I used to have a picture around here somewhere that was of a couple servers in a closet sitting on the floor next to the router and switch. Next to the devices was a water heater with the drain plug pointed directly at them. :drama:
This is my new favorite thread.[emoji1]
Quote from: Nerm on March 11, 2015, 04:28:40 PM
I used to have a picture around here somewhere that was of a couple servers in a closet sitting on the floor next to the router and switch. Next to the devices was a water heater with the drain plug pointed directly at them. :drama:
They didn't call that the fire suppression system?
Quote from: that1guy15 on March 10, 2015, 02:00:11 PM
Damn! Ive never walked up on a network with STP disabled...
My current network has about 3-4 major design issues that I am reverse-engineering and correcting. Each with their own level of head-desk moments. Its landmine after landmine on this guy. I will say though its not the biggest and most glamorous network but the experience gained and learning is off the charts. I will wear the scars of this network proudly for a long time!!
This made me feel like a feral warrior, wearing a necklace made of teeth from networks that I have battled and conquered.
Active Directory.
If I knew what the problem with it was, I wouldn't be posting about it here... Working with AD issues in a large enterprise is like dealing with guerrilla warfare. Never know when, where, or how the enemy strikes next.
Our network when i took over had 5 different EIGRP ASs redistributed into one another (for no real reason), duplicate subnets in use, and no documentation at all.

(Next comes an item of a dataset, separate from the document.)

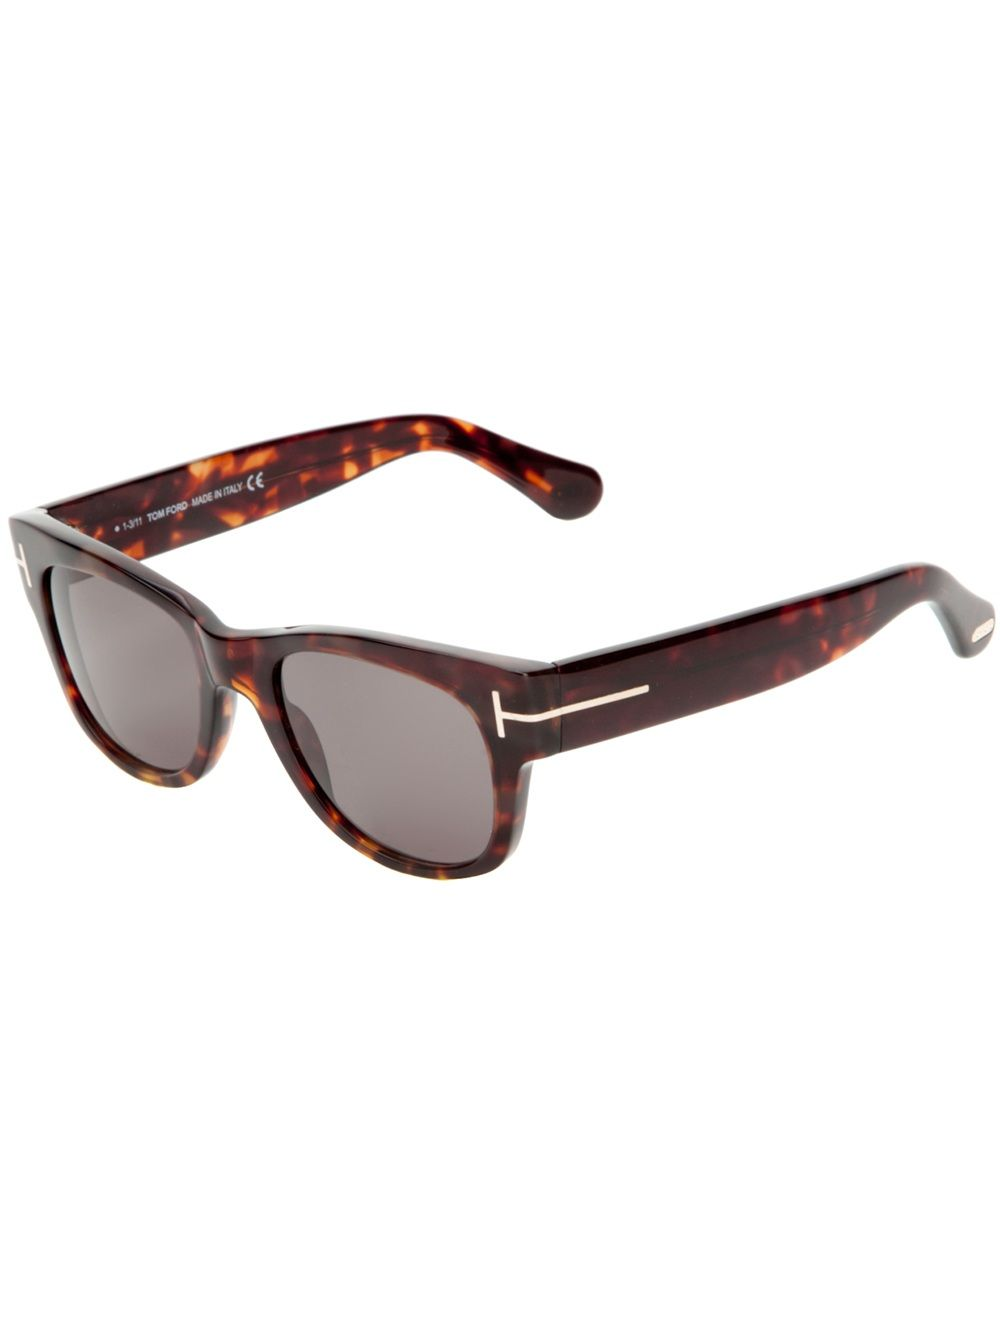 8498fae7a02 tom ford cary sunglasses. tom ford cary sunglasses Round Frame ...

6 months, I've been working to get this solution put into place. As of the last meeting, I now go exactly back to where I started and start over again. Not only that, but I will now have meetings with the same people I met with, in the order that I first met with them.
The difference this time is that I've now gotten all of their collective *approvals* to have this next cycle of meetings.
"The bureaucracy will expand to fill the needs of the bureaucracy." - anonymous
School system with about 600 users and yes that is an RV042 running the ship. Sad part is under the shelf that the RV042 is sitting on you will find a 2801 (not visible in this pic) terminating the ISP circuit and then feeding the RV042. Saddest part is the reason they were using the RV042 is because their previous IT guy couldn't get to the "web gui" of the 2801.
(http://www.benchaddix.com/images/IMAG0008.jpg)
Seems like spanning tree everywhere!
Similar issue, access switch in a factory as root, around 300 users, vlan 1 is the only vlan with 10 secondary IPs on it /23 on every IP. needless to say we had a lot of broadcast traffic! also all HP switches were EOL/EOS about 5 years ago. Had 3 fail in 1 afternoon (luckily for the business a Sunday, unlucky for me! ). No documentation, if a nother switch was needed was just plugged into the closest switch to it. daisy chains everywhere. had no idea what was connected to what or where, needless to say had issues everyday until i gradually started wining the battle. The war is not over yet though!
Also if anyone is interested, i have a pretty long DDoS story, (we are an ecommerce retalier, who were DDoS for 1 Bitcoin ransom everyweek!) i could tell you what we did, what the attacker did and what weve done since, its a long story though...
Ta
Please do share the story, good sir. That is what this thread is for.
Ok so it begins...
Backdrop: Old DC, 2800s routers, 100s of old servers, we are migrating to new fancy DC, not there yet. all current kit full of faults and fans broken etc
Saturday afternoon last year:
Panic panic, ring everyone, text everyone, the sites down! on call engineer logs into our DC routers, we keep losing connectivty, manage to get a sh int off, routers are taking huge ammounts of bandwidth. why?! We must be gettind DDoS'd. Call ISP, yup confirmed DDoS, they blackhole our traffic...
ISP says attach was 15GB
Week after:
Look into DDoS mitigation options, speak to providers/vendors etc
Ransom email from Attacker, give me 1 bitcoin and i will stop...
ignore attacker
Signed up for encapsula cloud scrubbing trial, havent changed DNS yet, still speaking to other vendors.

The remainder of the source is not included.